Neben Krankheiten resp. Symptomen somatischer wie psychosomatischer Eigenart sind es besonders Tiere und Totengeister (Wiedergänger), die einem das Leben im Alten Ägypten schwermachen konnten. Giftige Schlangen und Skorpione etwa gehörten zur alltäglichen Bedrohung von Leib und Leben, und zahlreiche Sprüche zu ihrer Abwehr oder zur Heilung ihrer Biss- und Stichwunden samt ihren Folgesymptomen füllen umfangreiche Papyrusrollen. Ebenso wie bei den anderen Beschwörungen in der vordemotischen magischen Literatur weisen diese Sprüche in aller Regel eine dreiteilige Struktur auf: Auf den Spruchtitel folgt die eigentliche Rezitation, abschließend wie der Titel in roter Tusche eine Rezitationsanweisung, wie oft der Spruch zu rezitieren sei, sowie eine manuelle Instruktion über die zu verwendenden Requisiten oder gegebenenfalls zu malenden Illustrationen in Gestalt sogenannter Vignetten. Die Rezitation hat schwarz geschrieben zu sein, bestimmte heilige Wörter und Namen dürfen z.B. gar nicht rot geschrieben werden, weil Rot die Farbe des Osirismörders Seth ist. Alle drei Textabschnitte gilt es prinzipiell auf einem „neuen Papyrus“, d.h. der vorher noch unbeschriftet war, niederzuschreiben und die Figuren der Vignette zu zeichnen. Ein schon einmal beschriebener, abgeriebener und zur Wiederverwendung recycelter Papyrus (Palimpsest) hätte nach ägyptischer Vorstellung seine Wirkung verfehlt. Die Wirksamkeit der Rezitation wäre durch die kleinsten Spuren des Vorgängertextes welcher Art auch immer kontaminiert worden und damit zum Scheitern verurteilt gewesen. Diese Vorschrift ist rein praktisch gesehen zwar häufig unterlaufen worden, denn zahlreiche Sprüche befinden sich auf solchen Palimpsesten, doch geht sie konform mit derjenigen bei der Gründung eines neuen Tempels: Auch dieser muss auf quasi jungfräulichem Terrain gebaut werden.

pDeir el-Medineh 45

Göttliche Helfer werden als Beistand gegen eine personifizierte Krankheit und gefährliche Tiere angerufen. Abbildung zu einem magischen Spruch (pDeir el-Medineh 45)

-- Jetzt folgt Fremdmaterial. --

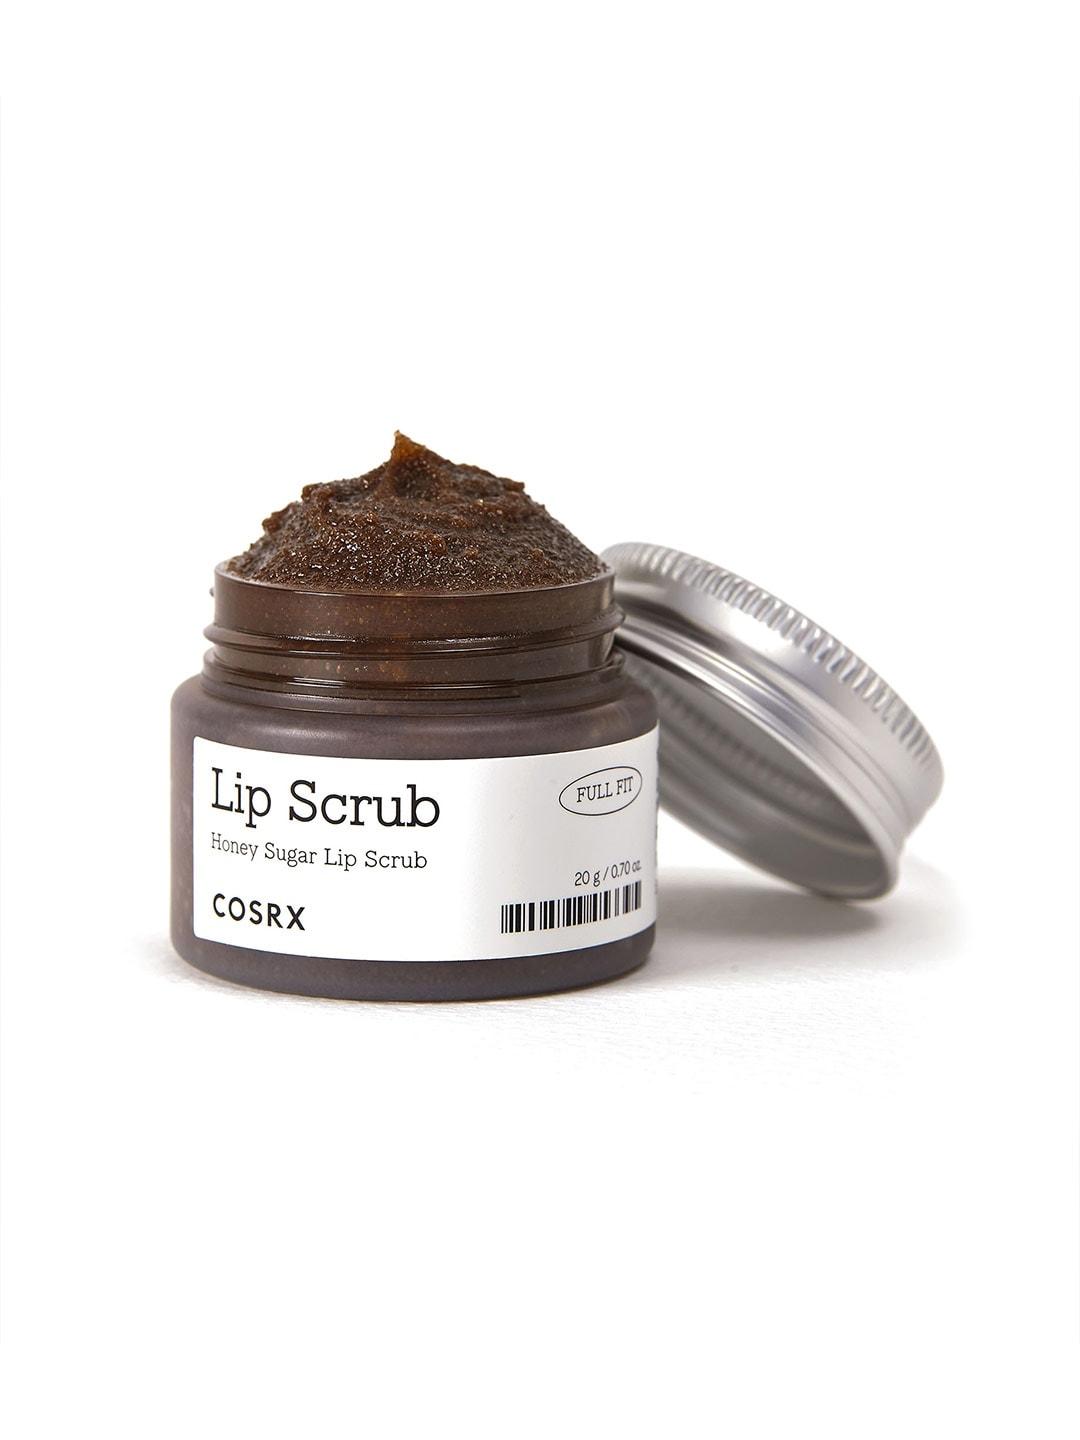 cosrx-honey-sugar-full-fit-lip-scrub-with-cocoa-extract---20-g
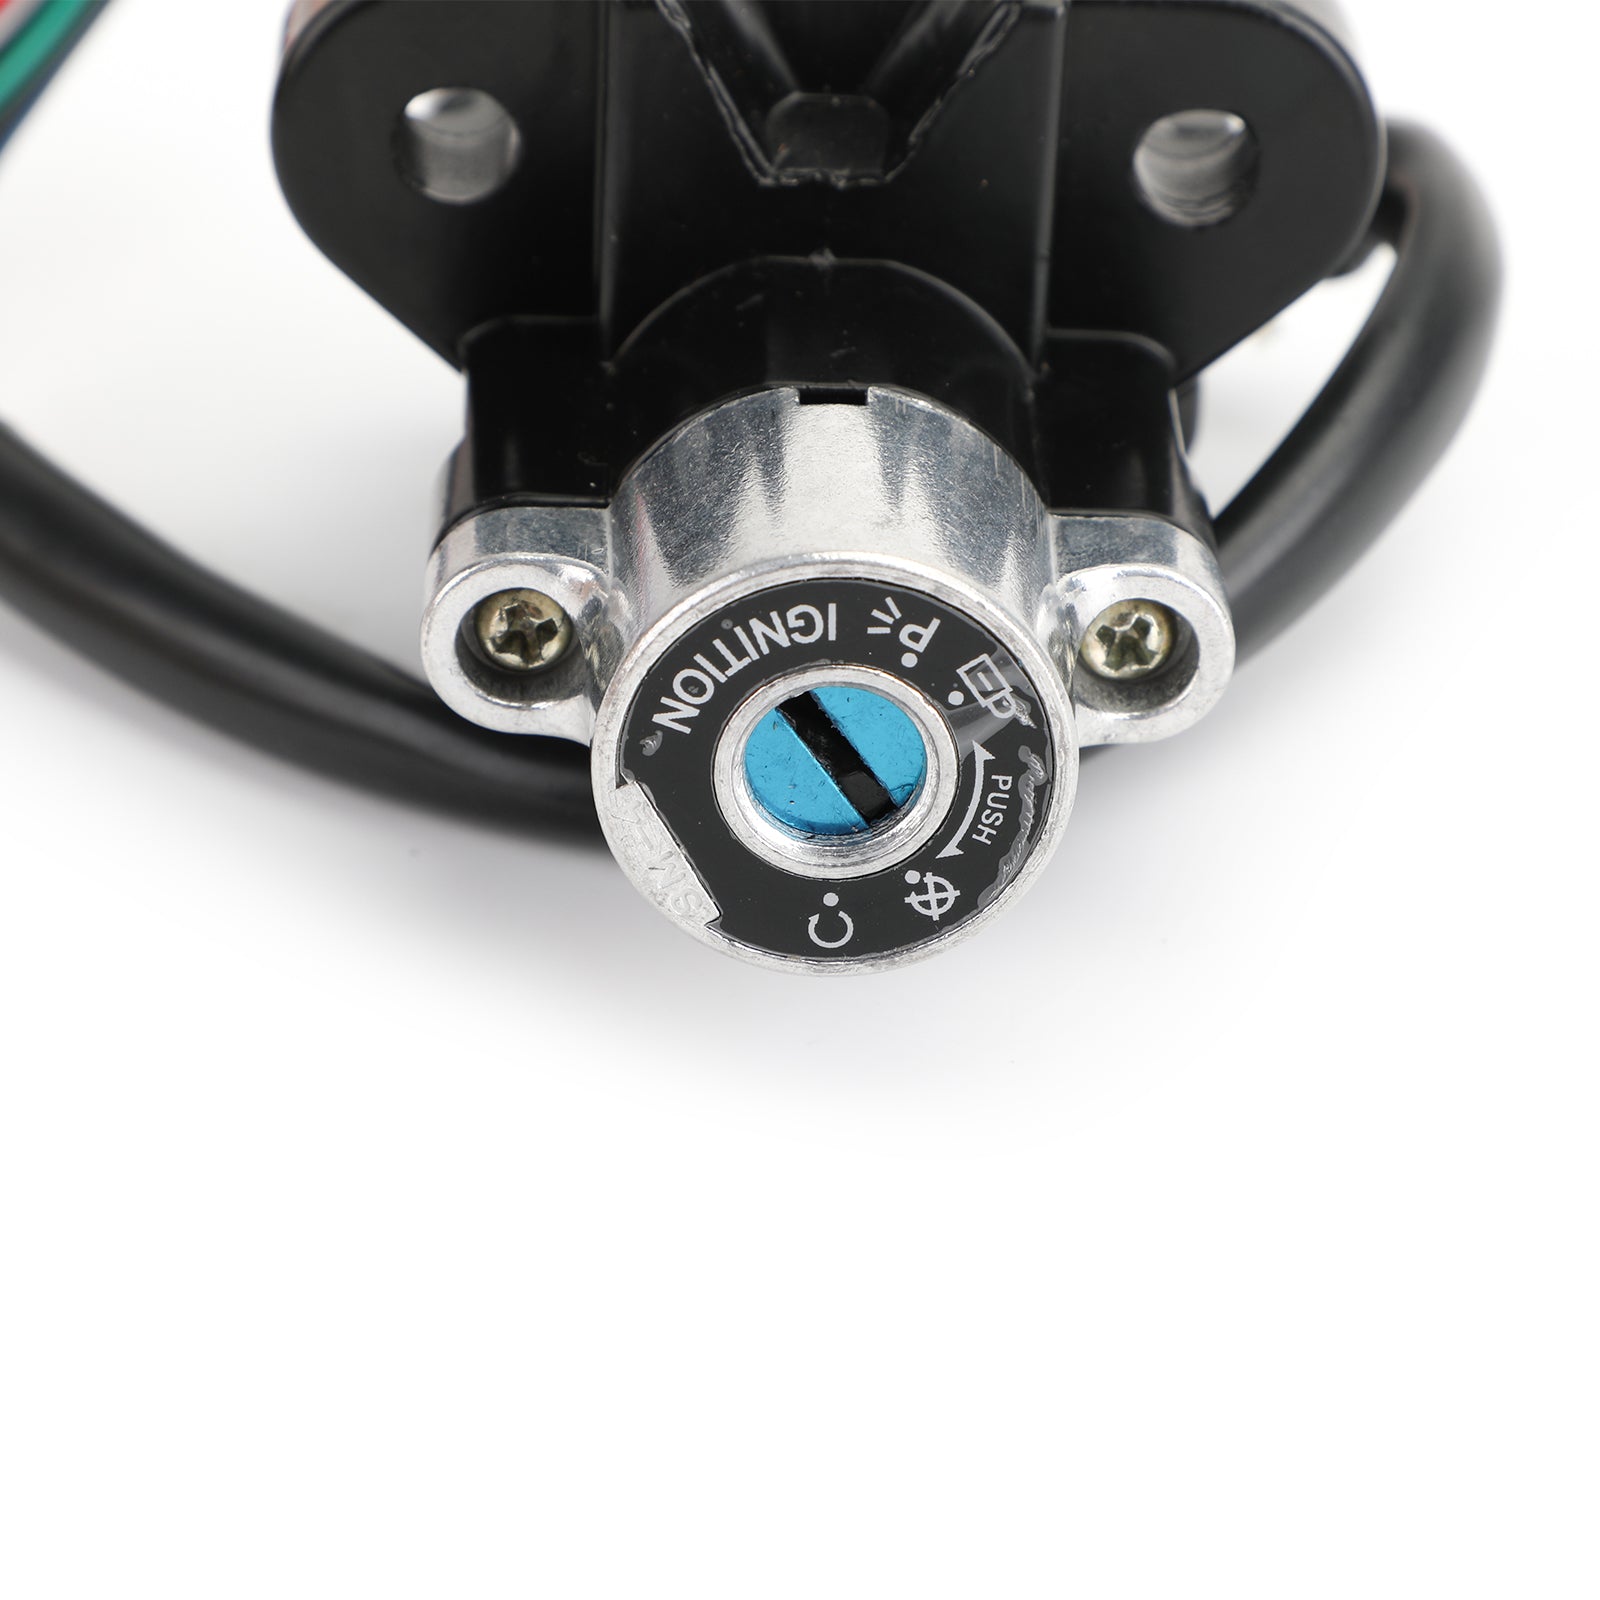 Ignition Switch Fuel Gas Cap Lock Keys For Suzuki GSF1200 GSF1250 Bandit 06-11

Im Zuge der digitalen Aufnahme und philologischen Bearbeitung solcher Beschwörungen ist es ein wesentliches Anliegen des Leipziger Projektes, ähnlich wie bei dem vorangehenden Modul zu den medizinischen Texten, das für magische Sprüche typische Vokabular zu identifizieren und lexikographisch zu diskutieren. Allein das Vokabular zum Ausdruck der Vertreibung wie Vernichtung z.B. von Dämonen aller Art weist eine ausgesprochen große Bandbreite auf, und zudem verrät es eine dezidiert kriegerische bzw. militärische Rhetorik. Das dahinterstehende Konzept „Feind(schaft)“ kann auf dem realweltlichen Schlachtfeld bekämpft werden wie eben auch im Rahmen eines Minirituals in häuslichem Kontext. Dazu braucht es keine grundlegend verschiedenen Wortarsenale und Phraseologien. Beschwörungen wie überhaupt alles Handeln und Tun eines Heilers, sei er nun prioritär „Arzt“ oder „Magier“, ist im schlimmsten Falle ein Kampf gegen „alles (erdenklich) Üble“. So wie unsichere medizinische Prognostiken durch „Kampf“ begleitet werden müssen (das lehrt das sogenannte 2. Verdikt der medizinischen Texte), so agiert der Magier auf seinem Schlachtfeld nicht zuletzt durch Drohungen gegen Götter und Dämonen, und durch die physische Vernichtung von z.B. Stellvertreterfigürchen löscht er auch zugleich deren Existenz aus.